Battery energy storage revenues have dropped by two-thirds since 2022 while operating capacity has tripled. The GB BESS Outlook covers three key areas—markets, revenues, and investment—to see how this might change in the future. In this executive summary, we highlight the main themes to get you up to speed.
This article was updated in Q4 2024 with the latest market data and results from version 3.2 of the forecast. The Markets and Revenue outlook articles have also been updated. An updated Investment outlook, with refreshed Capex estimates, will be published later in the quarter.
Overall, revenues have decreased as frequency response markets have become saturated and prices have fallen. In the future, we project fundamentals such as an improving price shape and a growing proportion of intermittent generation to increase the value of trading markets.

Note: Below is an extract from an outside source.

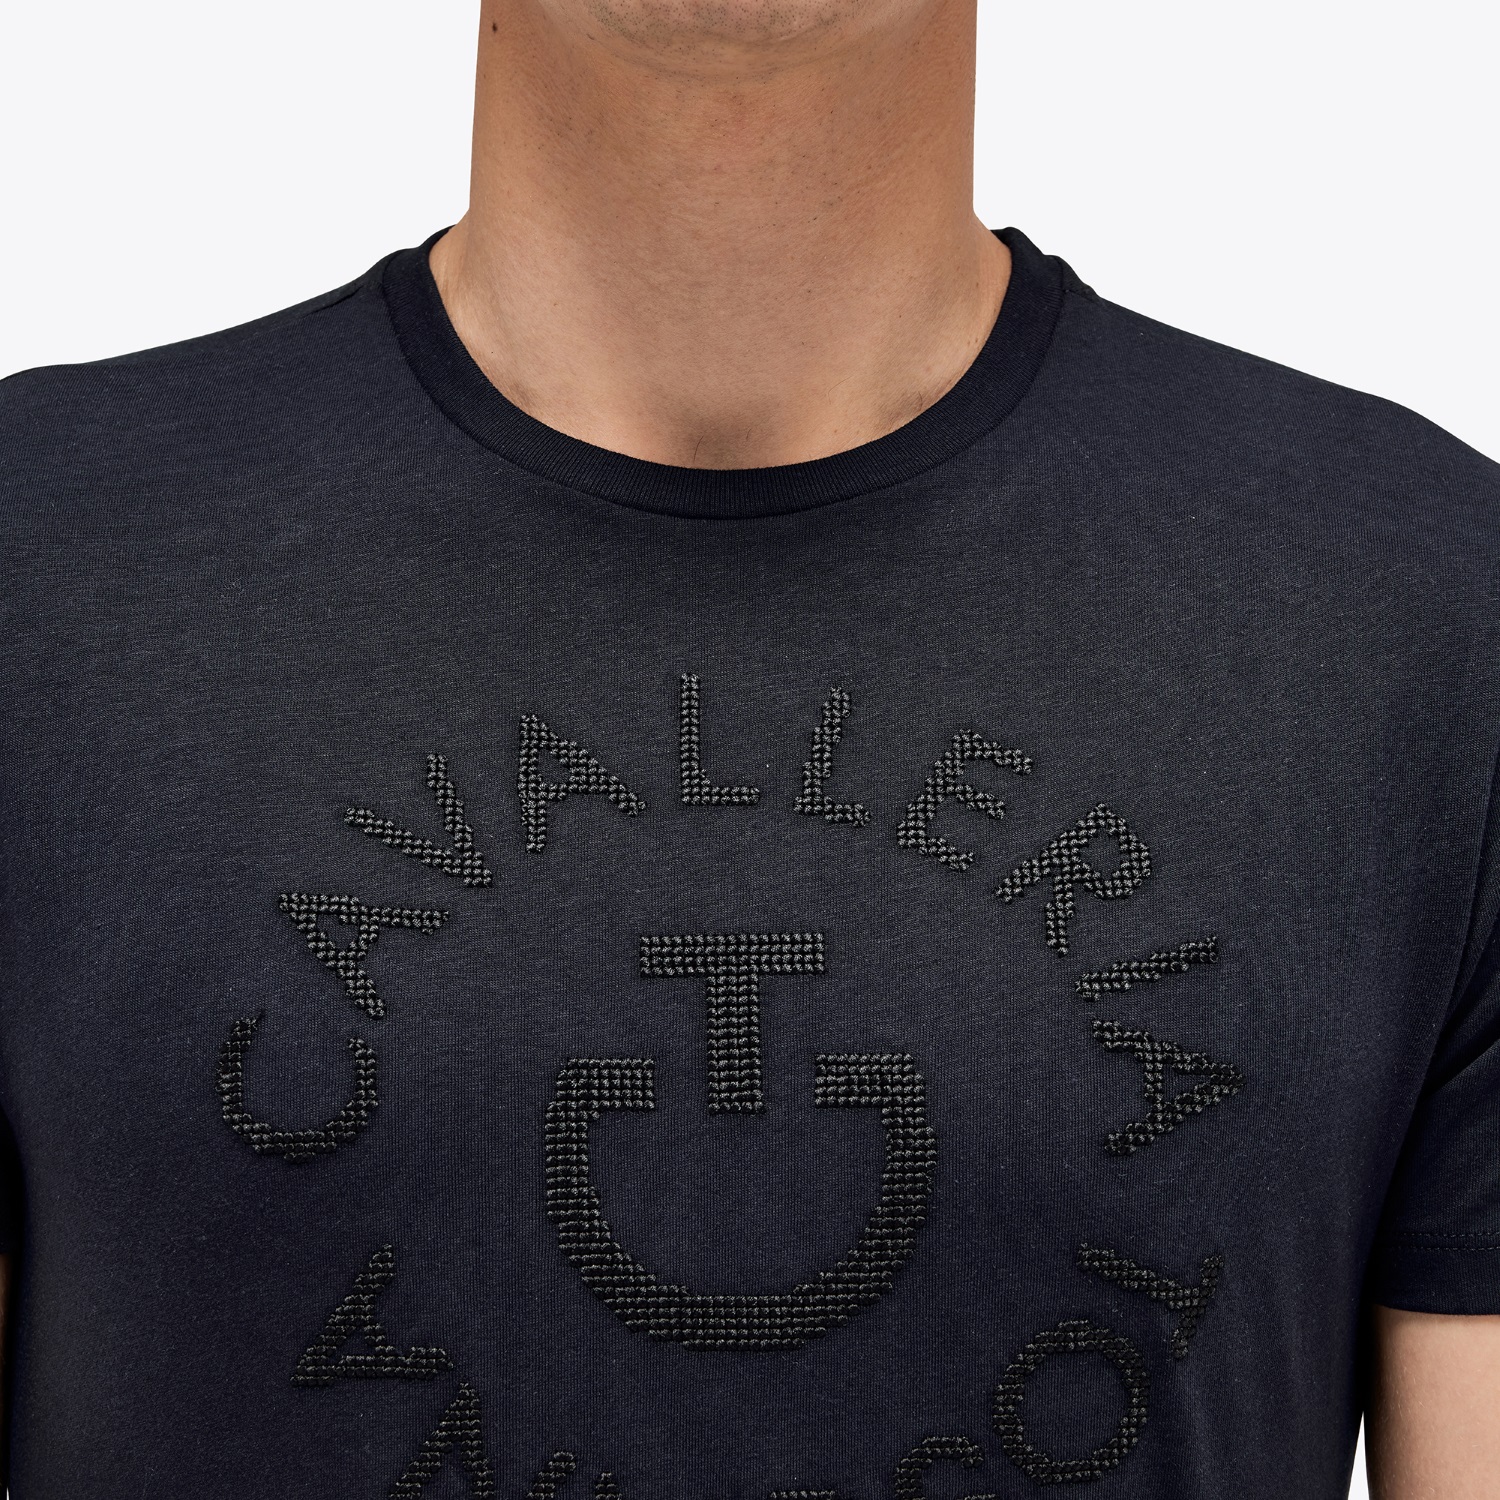 CAVALLERIA TOSCANA Herren T-Shirt Pixel Stickerei Orbit - navy - S - 3

In this three-part GB BESS Outlook series, we look at:
- Markets: the evolution of the main markets that batteries trade in.
- Revenue and dispatch: how optimizers consider prices, risks, and physical constraints when dispatching batteries into these markets to maximize revenues.
- Business case and investment: how these revenues are considered alongside project costs to determine the investment case for battery energy storage.
For more detail, the links throughout will take you straight to the relevant sections of each article.
Battery revenues have shifted from ancillary services to trading markets, which will deliver 93% of lifetime revenues
Battery energy storage systems maximize revenues by performing actions across multiple markets, ‘stacking’ revenues from each.